Long seen as an economic protectionist, Bolsonaro did an about-face during the campaign, embracing the free market. But he still played to nationalists, vilifying China for “buying up” Brazil. Twice divorced and now married to his third wife, he nonetheless proclaimed himself a supporter of family values, and his opposition to gay rights and legalizing abortion helped him win over evangelicals, a powerful voter base.

But corruption and the Workers’ Party were his primary targets.

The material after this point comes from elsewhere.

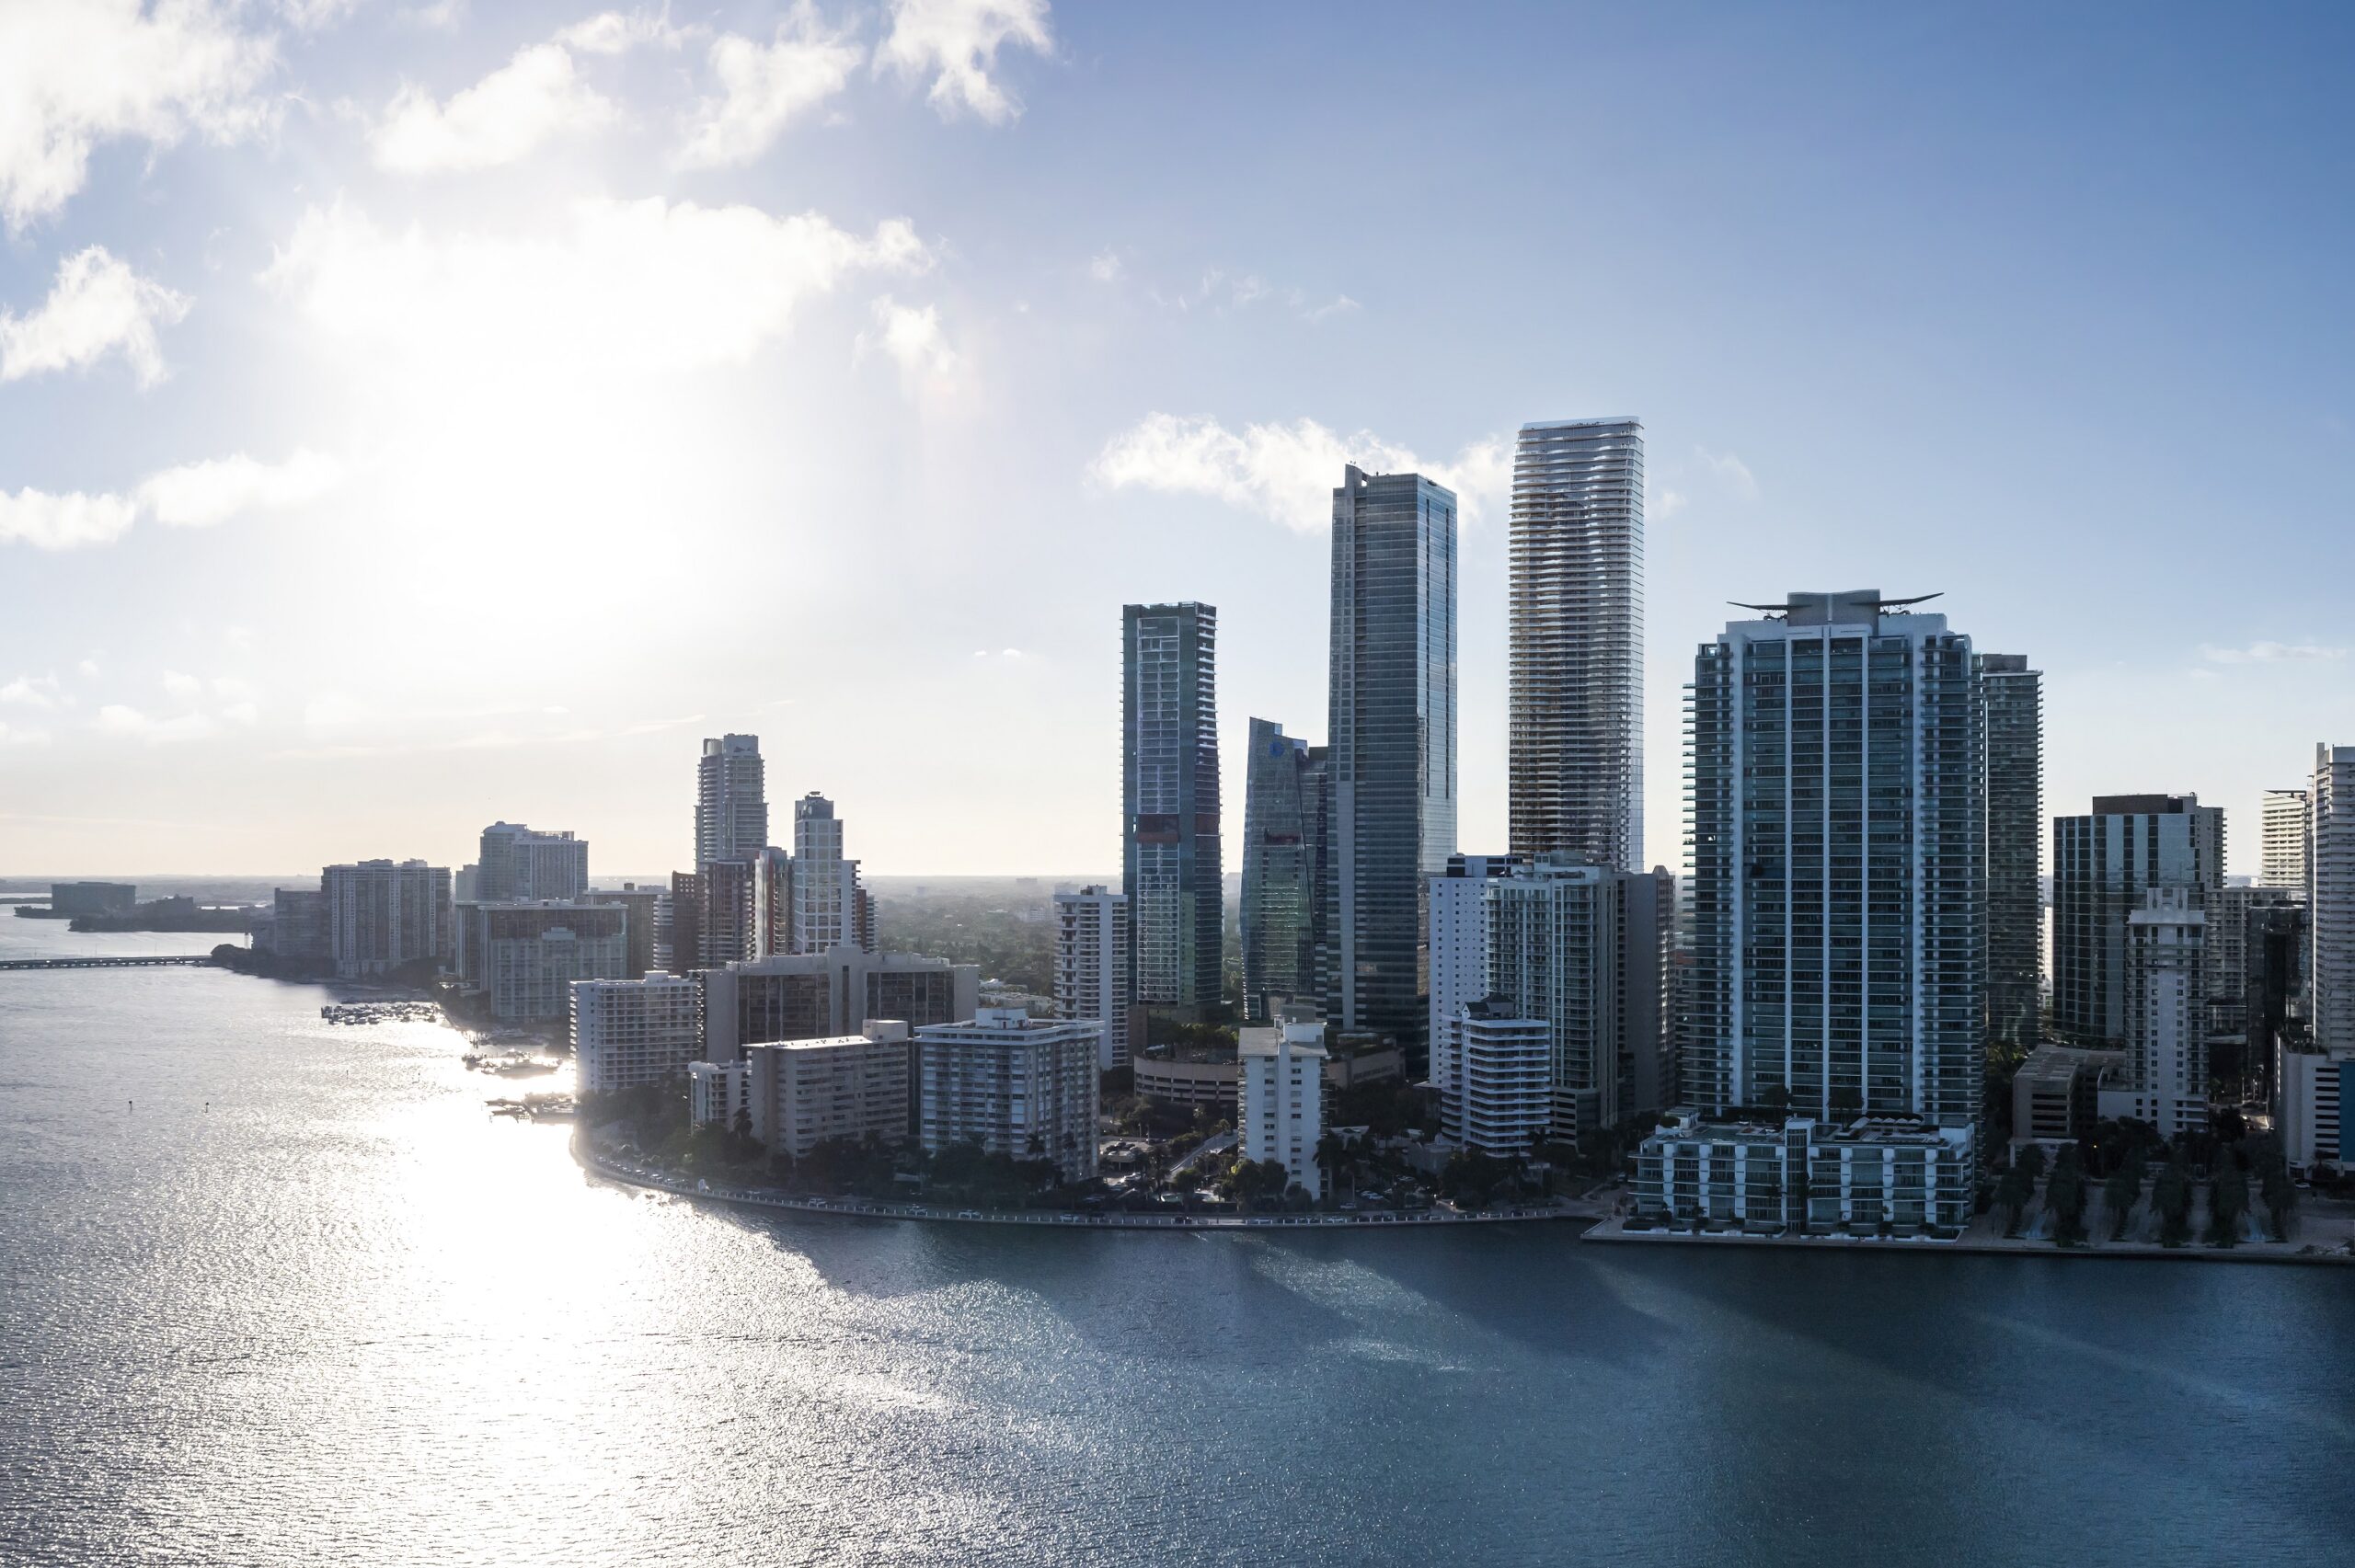 1428 Brickell Avenue - Chatburn Living - Residential Tower

Since democracy was restored here in 1985, two presidents have been impeached, one has gone to jail, and Brazil’s current leader has been indicted on a charge of corruption, an accusation he denies. One-third of the lower house is under investigation for corruption, largely tied to a sprawling kickback scheme involving some of the country’s largest companies.Bolsonaro’s outsider-cleans-house platform resonated with Brazilians. 

While some Brazilians began to see Bolsonaro as their hero, others seemed to overlook his bombastic statements in a search for meaningful change. 

“If there had been another decent candidate, I wouldn’t have voted for him,” Jose Colares, 51, a dentist in São Paulo, said of Bolsonaro after casting his ballot Sunday for the far-right candidate. “He’s said a lot of garbage, but he’s the lesser of the evils.”

Correction: An earlier version of this report incorrectly identified Alexandre Maciel’s occupation. He is an asset manager at a financial firm, not a manager at an oncology center.